DIRECTIONS = Use the entries below and reproduce exactly the lines from the one containing "Gap 360旅游公司品牌形象设计" down to the one containing "Avisutklipp om at", both of them included.

——

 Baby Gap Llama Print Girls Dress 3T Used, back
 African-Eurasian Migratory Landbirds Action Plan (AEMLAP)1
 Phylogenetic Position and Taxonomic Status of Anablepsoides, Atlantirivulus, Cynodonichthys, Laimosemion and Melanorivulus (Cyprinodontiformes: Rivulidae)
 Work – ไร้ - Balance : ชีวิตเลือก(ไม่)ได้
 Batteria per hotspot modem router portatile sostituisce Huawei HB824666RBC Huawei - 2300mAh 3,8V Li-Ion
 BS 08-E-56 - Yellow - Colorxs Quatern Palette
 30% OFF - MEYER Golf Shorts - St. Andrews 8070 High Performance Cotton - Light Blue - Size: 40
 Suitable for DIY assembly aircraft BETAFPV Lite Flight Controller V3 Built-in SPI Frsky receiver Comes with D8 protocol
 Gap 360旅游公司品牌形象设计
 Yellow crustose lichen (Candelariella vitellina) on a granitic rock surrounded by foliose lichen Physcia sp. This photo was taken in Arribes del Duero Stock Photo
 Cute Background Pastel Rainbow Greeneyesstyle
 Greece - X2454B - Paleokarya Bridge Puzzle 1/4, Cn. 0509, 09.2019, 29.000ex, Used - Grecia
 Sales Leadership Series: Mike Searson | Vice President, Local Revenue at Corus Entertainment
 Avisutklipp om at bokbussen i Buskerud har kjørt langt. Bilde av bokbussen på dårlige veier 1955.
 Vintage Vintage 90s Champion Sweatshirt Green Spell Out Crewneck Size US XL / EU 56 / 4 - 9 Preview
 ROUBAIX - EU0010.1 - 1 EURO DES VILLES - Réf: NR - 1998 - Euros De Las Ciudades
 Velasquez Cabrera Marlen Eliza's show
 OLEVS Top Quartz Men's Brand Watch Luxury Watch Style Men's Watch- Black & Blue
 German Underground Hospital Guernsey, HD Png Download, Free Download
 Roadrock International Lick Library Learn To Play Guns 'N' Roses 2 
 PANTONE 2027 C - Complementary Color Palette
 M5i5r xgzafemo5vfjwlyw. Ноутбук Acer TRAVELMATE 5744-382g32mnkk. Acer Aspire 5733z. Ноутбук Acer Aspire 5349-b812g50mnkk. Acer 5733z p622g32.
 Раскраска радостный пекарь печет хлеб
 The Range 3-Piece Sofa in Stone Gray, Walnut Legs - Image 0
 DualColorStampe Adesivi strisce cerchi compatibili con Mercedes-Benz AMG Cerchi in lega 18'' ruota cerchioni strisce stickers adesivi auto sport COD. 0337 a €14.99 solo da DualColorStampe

——

ANSWER TO THE EXERCISE =
 Gap 360旅游公司品牌形象设计
 Yellow crustose lichen (Candelariella vitellina) on a granitic rock surrounded by foliose lichen Physcia sp. This photo was taken in Arribes del Duero Stock Photo
 Cute Background Pastel Rainbow Greeneyesstyle
 Greece - X2454B - Paleokarya Bridge Puzzle 1/4, Cn. 0509, 09.2019, 29.000ex, Used - Grecia
 Sales Leadership Series: Mike Searson | Vice President, Local Revenue at Corus Entertainment
 Avisutklipp om at bokbussen i Buskerud har kjørt langt. Bilde av bokbussen på dårlige veier 1955.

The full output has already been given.